Sober, sensitive reporting, as you'd expect from the 1977-vintage Guardian. Can you imagine how The Sun would have reported this case, had it not involved a valued member of the paper's own staff? Do I hear the word 'loony'? Meanwhile, I'm wondering if the creators of Viz read this report and remembered it when creating the hapless Suicidal Syd?

Monday, March 08, 2010

Special Kay

The Sun's coverage of the Jon Venables situation is the embodiment of all that's worst about modern journalism. In the right situation, bumping into the boundaries of acceptability and legality can be a valuable safeguard of free speech and freedom of information, as it can bring out into the open details that the public not only have a right to know, but, as citizens, should know. This isn't that situation. We're looking at simple bloodlust - an eye for an eye. Already, idiots on Facebook are claiming to know Venables' new identity and getting other idiots to pass it on. With any luck, they'll soon have experience of incarceration themselves, as it's impossible to see such an act as anything other than incitement to violence.
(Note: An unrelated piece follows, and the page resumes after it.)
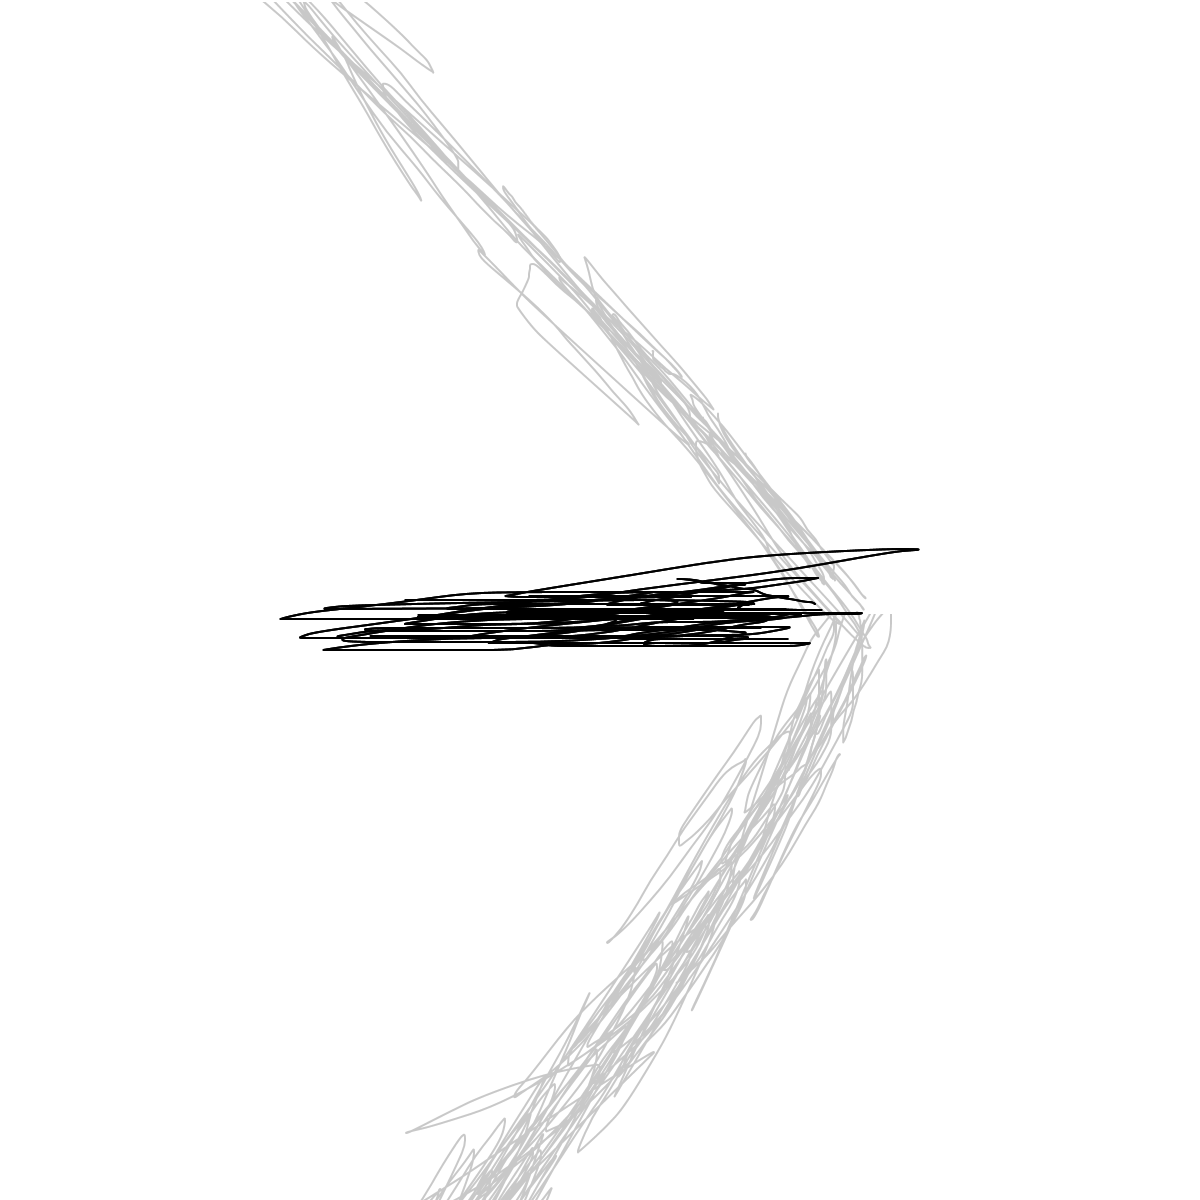 BAAAM drawing#11382 lat:52.4759941101074200lng: 13.4062061309814450

Meanwhile, The Sun's coverage is being overseen by the paper's chief reporter John Kay. The same John Kay who, in 1977, drowned his Japanese wife Harue in the bath of their Barnet home before attempting to gas himself. Driven mad by the pressure of work as the paper's industrial correspondent, he could see no other way out for himself or his wife, who had been cut off by her family for marrying a westerner. He was convicted of manslaughter with diminished responsibility, and, on his release from Friern Barnet mental hospital, was welcomed back by his employer. The problem for me isn't that Kay killed his wife. I'm happy to accept that he was temporarily deranged. I've been temporarily deranged too, and it's a dark place to inhabit. The problem is that The Sun showed a greater degree of enlightenment and understanding when one of its own transgressed than it would ever have done in any other circumstances. Imagine the reporting of a similar case where the killer was AN Other.

There's also the question of whether Denise Fergus realises that the man to whom she is pouring out her feelings about the killers of her son is a convicted killer himself?